Study this simple drawing for a moment. I drew it quickly this morning in response to three things that converged on me during my quiet time.

  1. We are talking about Differences in the sermon this weekend, so that has been on my mind all week and formed the lens for the next two things.
  2. I read the Narrative Lectionary text for today from Clergy Stuff. The text is Ephesians 2:4-10.
  3. Richard Rohr wrote about the difference between Faith and Belief this morning in his daily meditation.

The Apostle Paul said that it is “by grace you have been saved through faith, and this is not your own doing; it is the gift of God—not the result of works, so that no one may boast.” The Clergy Stuff devo reflected on how Christianity has become a shame based, you-must-earn-your-worthiness system. She says,

So many of us have grown up in a shame spiral, unable to envision our worthiness. We are taught that our worthiness is directly tied to our productivity, our success, our accomplishments. We are only worthy if we’re successful, rich, thin, young. The theory falls short, though, when we fail to produce or live up to those expectations, and we begin to believe we are worthless.

But God says we are worthy just because we are. Think on that a minute. We are worthy. Not because we give everything of ourselves for another. Not because we have climbed our way up the corporate ladder. Not because we are “good.” We are worthy simply because we are.

Rohr’s meditation is built upon the fact that many translators think it would be better to talk about “faith of Christ” rather than “faith in Christ.” He reflects on how Christianity has become a system that is built upon belief (meaning intellectual agreement) in a set of doctrinal statements rather than the faith of Christ. This belief system is what gave rise to atheism in the West, because you cannot prove the existence of God through Empirical knowledge and rational thought. This type of thinking only leads to more and more division and differences.

Rohr says,

“Faith” is not an affirmation of a creed, an intellectual acceptance of God, or believing certain doctrines to be true or orthodox (although those things might well be good). Such intellectual assent does not usually change your heart or your lifestyle….

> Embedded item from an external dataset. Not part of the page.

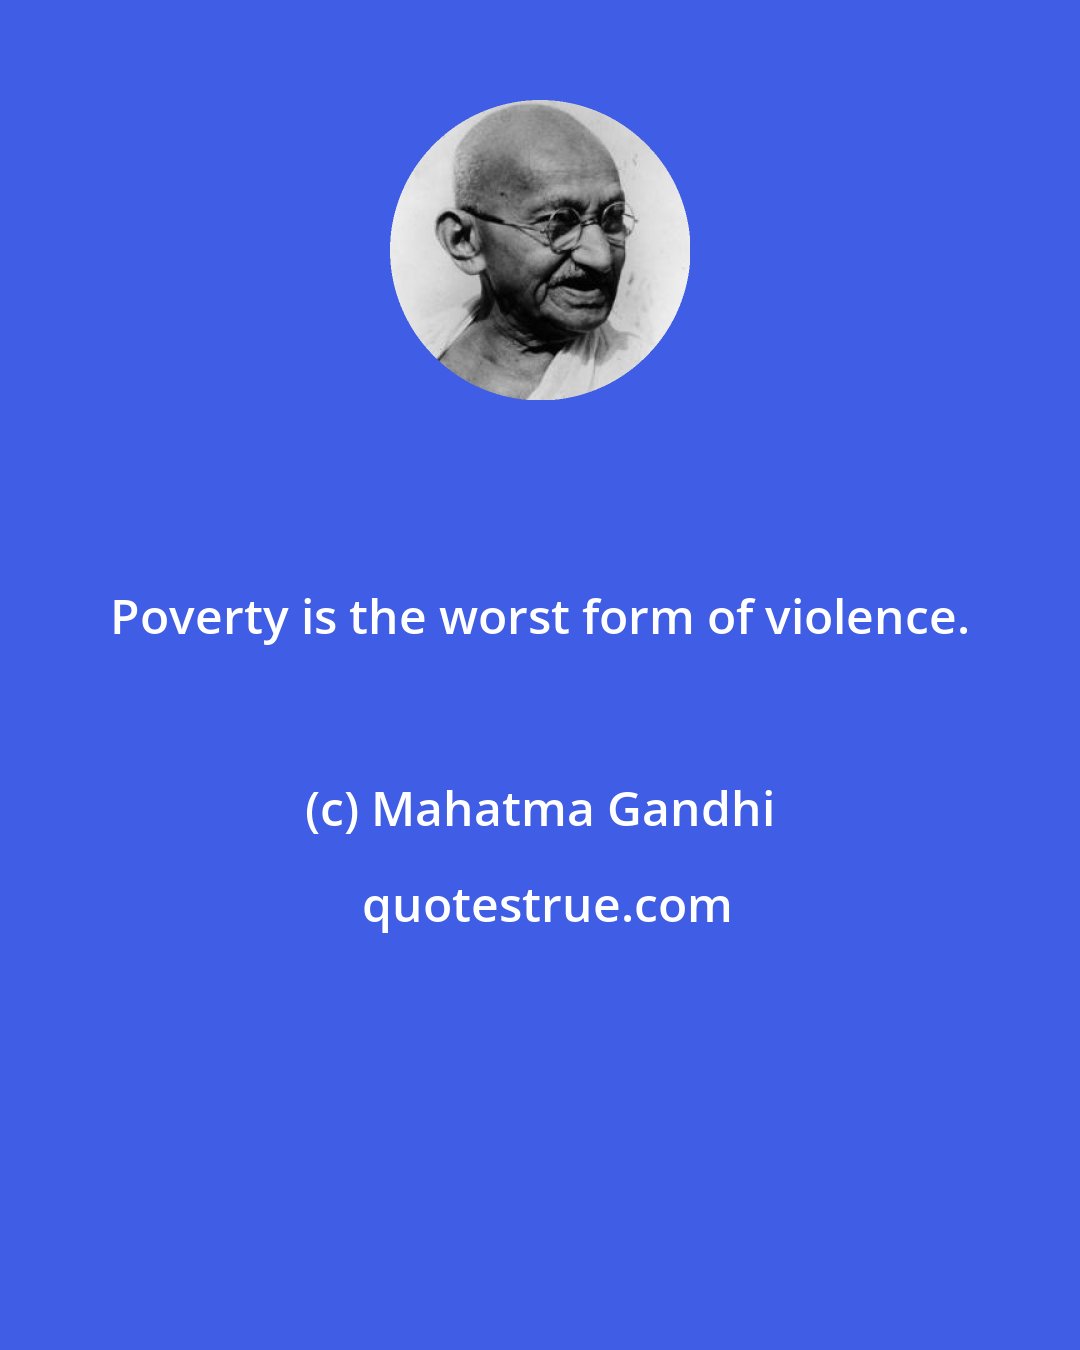 Mahatma Gandhi: Poverty is the worst form of violence.
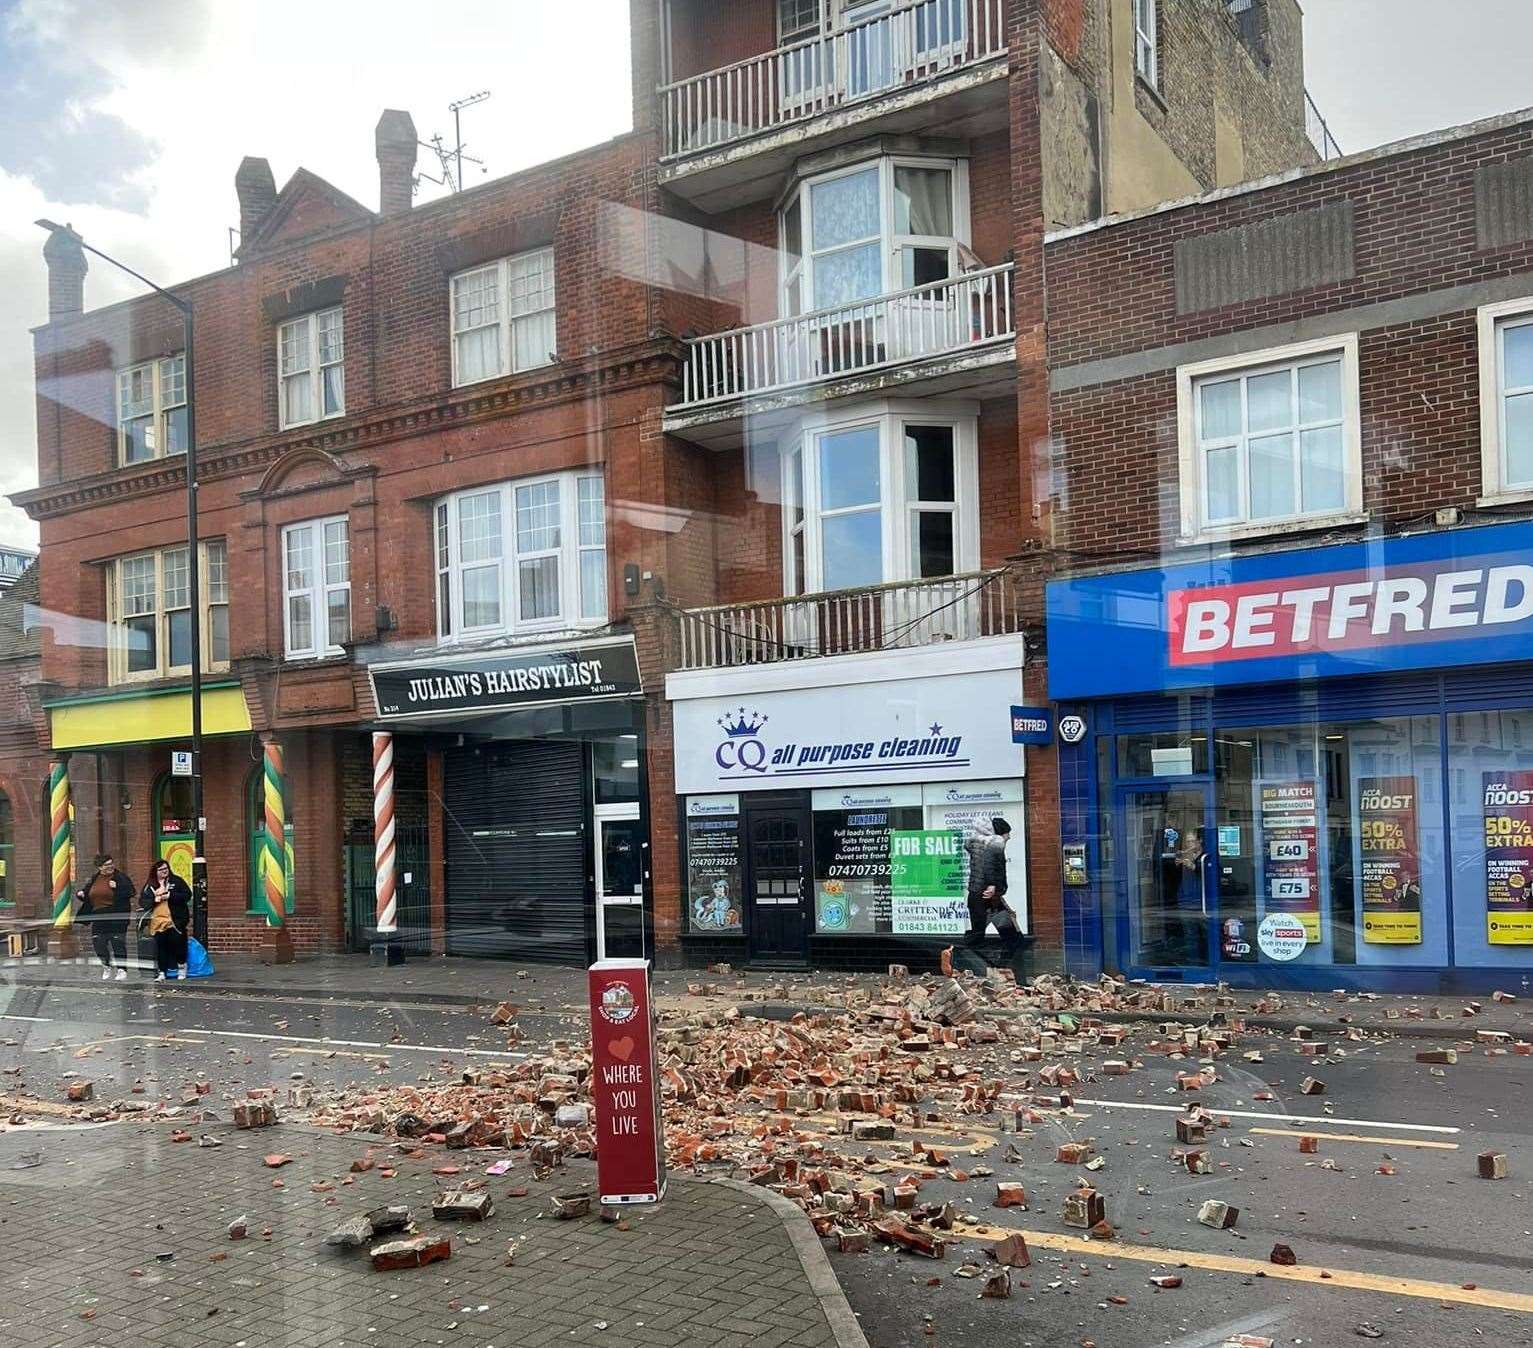 Debris spread across the street as a result of a building collapse in Northdown Road, Margate Picture: Nard Miller

Most people think having faith means “to believe in Jesus.” But, “to share in the faith of Jesus” is a much richer concept. It is not so much an invitation as it is a cosmic declaration about the very shape of reality. By myself, I don’t know how to have faith in God, but once we know that Jesus is the corporate stand in for everybody, we know we have already been taken on the ride through death and back to life. All we can do now is make what is objectively true fully conscious for us.

In the sermon this weekend I will try to help us find ways to navigate our differences in the church and the in the world. If we build our faith on having all our doctrines correct and finding the definitively correct answer for every question, then we will always end up in division. I don’t think that is the Good Life that Jesus brought to us. We are held by the faith of Christ and drawn into the process of listening, understanding, and living in holy tension with multiple perspectives. The only thing that binds this all together is the faith of Christ, which is the love of God.

Rohr continues,

God refuses to be known intellectually. God can only be loved and known in the act of love; God can only be experienced in communion. This is why Jesus “commands” us to move toward love and fully abide there.

May we abide in the faith of Christ today.